The vaccine interval for 13-valent pneumococcal conjugate vaccine (PCV13) followed by 23-valent pneumococcal polysaccharide vaccine (PPSV23) has changed from “6 to 12 months” to “at least 1 year” for immunocompetent adults aged 65 and older. Adults ages 19 years or older with anatomical or functional asplenia, cerebrospinal fluid leak, or cochlear implant or who are immunocompromised should receive PPSV23 at least 8 weeks after PCV13.

The MenB vaccine series should be administered to everyone ages 10 and older at increased risk for serogroup B meningococcal disease.
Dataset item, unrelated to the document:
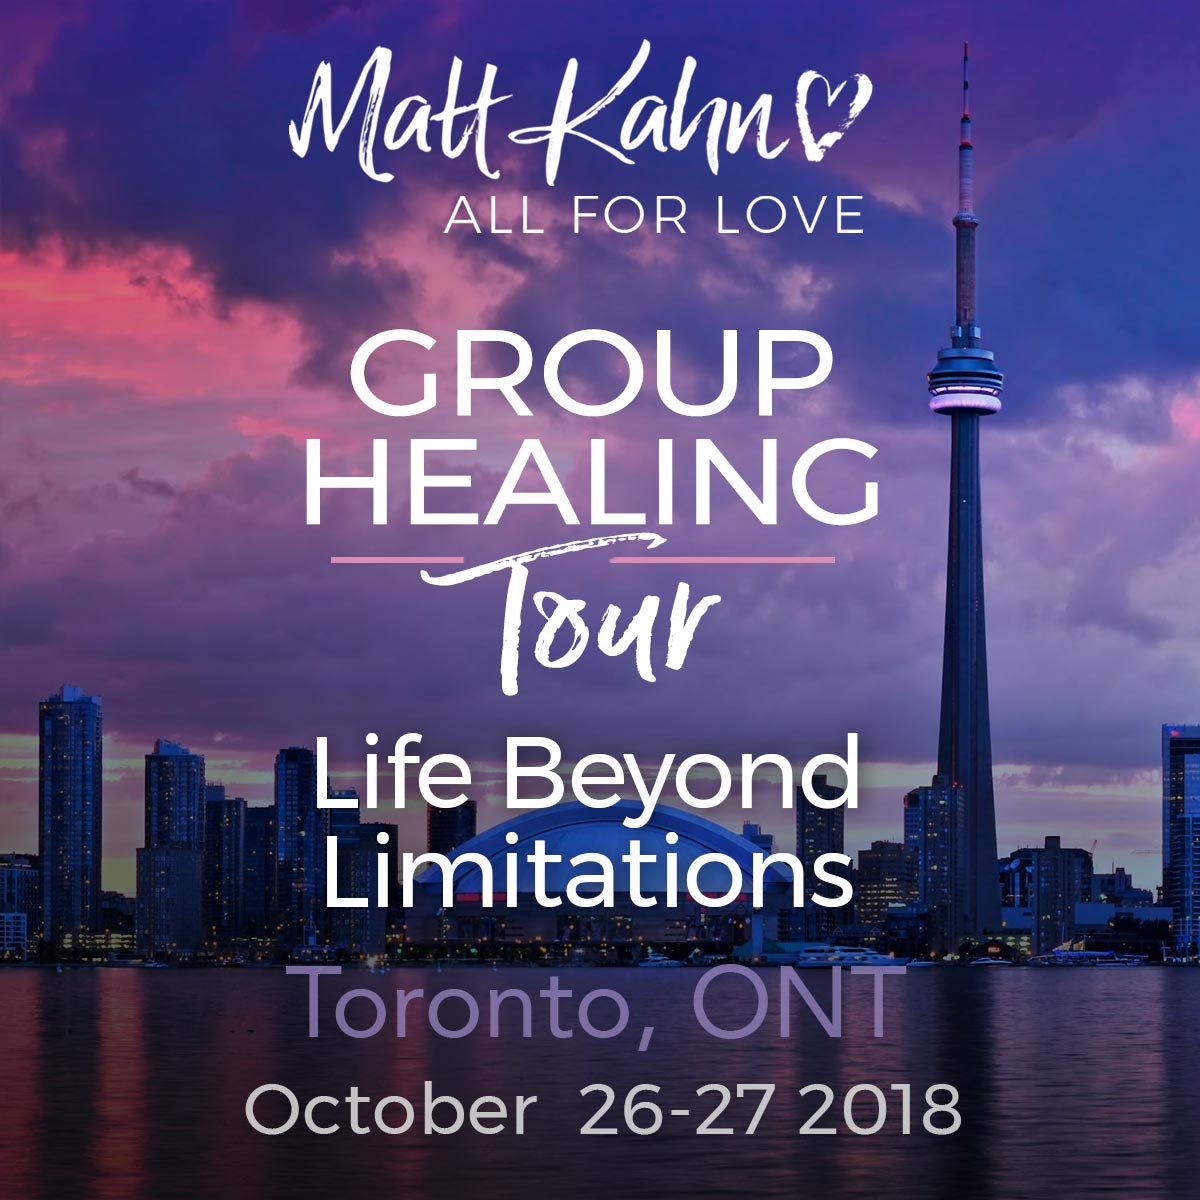 Group Healing Tour Toronto, Ontario

Those at increased risk include persons with anatomical or functional asplenia or persistent complement component deficiencies, microbiologists who are routinely exposed to isolates of Neisseria meningitidis, and people identified at increased risk because of a serogroup B meningococcal disease outbreak. The MenB vaccine series may be administered to adolescents and young adults aged 16 through 23 years (preferred age is 16 through 18 years) to provide short-term protection against most strains of serogroup B meningococcal disease.

The complete schedule, including footnote changes, is being published in Annals of Internal Medicine and on the Centers for Disease Control and Prevention website, along with 2 easy-to-reference charts showing recommended vaccines by age and by medical condition. Notable changes to the 2 figures include:

  • The row for “Meningococcal” was retitled to “Meningococcal 4-valent conjugate (MenACWY) or polysaccharide (MPSV4)” to indicate that there are 2 types of serogroup A, C, W, and Y meningococcal vaccines available for adults.
  • A new row for “Meningococcal B (MenB)” was added.
  • Additional text was added in several indication bars to describe reasons for alternate dosing schedules for vaccines where such designations were appropriate; for example, in the “Measles, mumps, and rubella (MMR)” indication bar that states “1 or 2 doses,” the clause “depending on indication” was added.
  • The text in the “Hepatitis A” indication bar was revised from “2 doses” to “2 or 3 doses depending on vaccine” to account for the hepatitis A and hepatitis B combination vaccine that is administered in a 3-dose series.